In the dynamic learning of the invention, grouping training is carried out according to the static characteristic combination of the target access log, and the adopted static characteristic combination is a domain name, a target port, a request type, a request parameter name and a response type.
The specific steps of dynamic learning are as follows:
step 1: when the number of the buffer access logs of the training channel reaches a preset threshold (100000 by default), the temporary preparation work before the training is formally entered, and all link addresses of the current batch are subjected to layering treatment. The so-called hierarchy is a hierarchy of linked addresses by a path separation symbol "/", the hierarchy being schematically seen in fig. 3. The result of the layering of address 1 in the above example is [ "cd5141ae53cd45e897482bda c.e 92", "Home", "Index" ].
Step 2: after layering, the training engine performs digital processing on all single-layer string objects of the current layer, namely performs digital hash conversion on the same comparison string, wherein the range of the digital hash value is 32-bit integer number (the value range is-2147483648 ~ 2147483647). In theory, the hash value has a very small probability of collision, and if the total training set is within 32-bit integer, the probability of collision is negligible. The digital hash converted array objects H= [ H1, H2, H3, … …, hn ] and n is the total number of current training channel logs;
step 3: and carrying out grouping statistics on the current array object H, and when the number of the grouped elements is less than 10% of the total number of H (10% by default and can be manually adjusted), considering that the current layer is converged, and judging that the current layer is a static layer, and otherwise, judging that the current layer is a dynamic layer. The static layer is represented by original characters, and the dynamic layer is represented by wildcards. According to an example, when enough access records are collected, the final learning result may be: /Home/Index.
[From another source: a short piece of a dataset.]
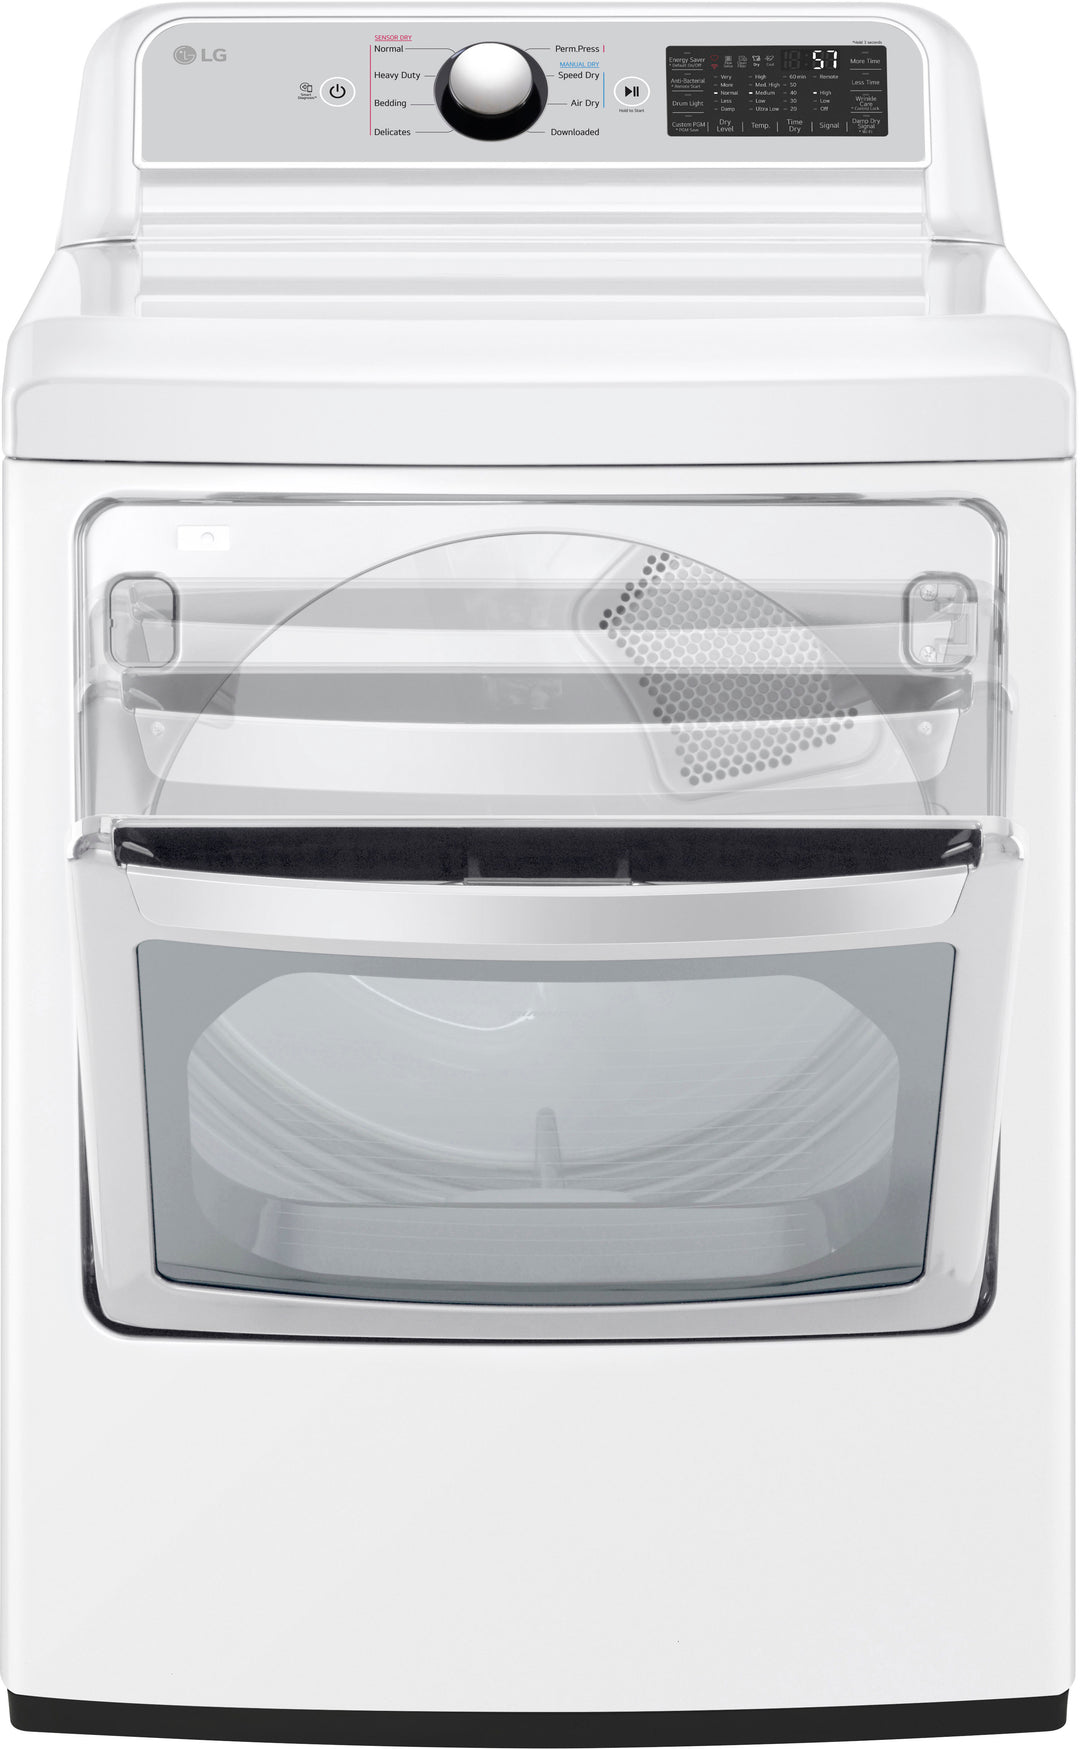 LG - 7.3 Cu. Ft. Smart Electric Dryer with EasyLoad Door - White_3

The grouping statistical method in the step comprises the following steps: the statistics groups are associated with the number of layers, with the same layers of different logs being grouped together. The 1 layer is a group, the 2 layers are a group, the 3 layers are a group and … …. And each group performs independent grouping statistical calculation to obtain a calculation result of each statistical group, namely a value result of the current layer. And after all the statistical groups (all layers) are calculated, rearranging the results of all the statistical groups to obtain the learning result of the current group.
Step 4: and outputting a learning result, and providing a manual auditing entrance for auditing and confirming. And automatically entering the dynamic link address with the verification into the fingerprint feature library, automatically clearing all log records of the current cache channel if the verification is neglected, and re-collecting the cache log.
Step 5: and (5) repeatedly entering the step (1) to perform dynamic training of other channels.
The dynamic learning result obtained after the dynamic learning is completed is stored in the fingerprint feature library, and when any service (login service, some recharging service, some inquiring service, some transacting service and the like) of the target system is learned, the dynamic learning result is automatically added into the fingerprint feature library, and the number of data in the fingerprint feature library is increased along with the increase of the learning time.
(3) Service standardization
In order to better manage the service, the invention performs standardization processing on all the determined service fingerprints. After all the characteristic parameters are determined, unique value operation is carried out on the parameter combination, and the input parameter sequence of the HASH value algorithm is domain, destport, url, requesttype, requestparams, responsetype. Aiming at the characteristic that the HTML is not particularly sensitive to case, the parameter values corresponding to the unified parameter of the calculation mode of the service standardization algorithm are converted into lower case character processing, so that the final service fingerprint is more converged. The unique calculation formula for determining the service fingerprint is as follows:
md5(domain、destport、url、requesttype、requestparams、responsetype) (1)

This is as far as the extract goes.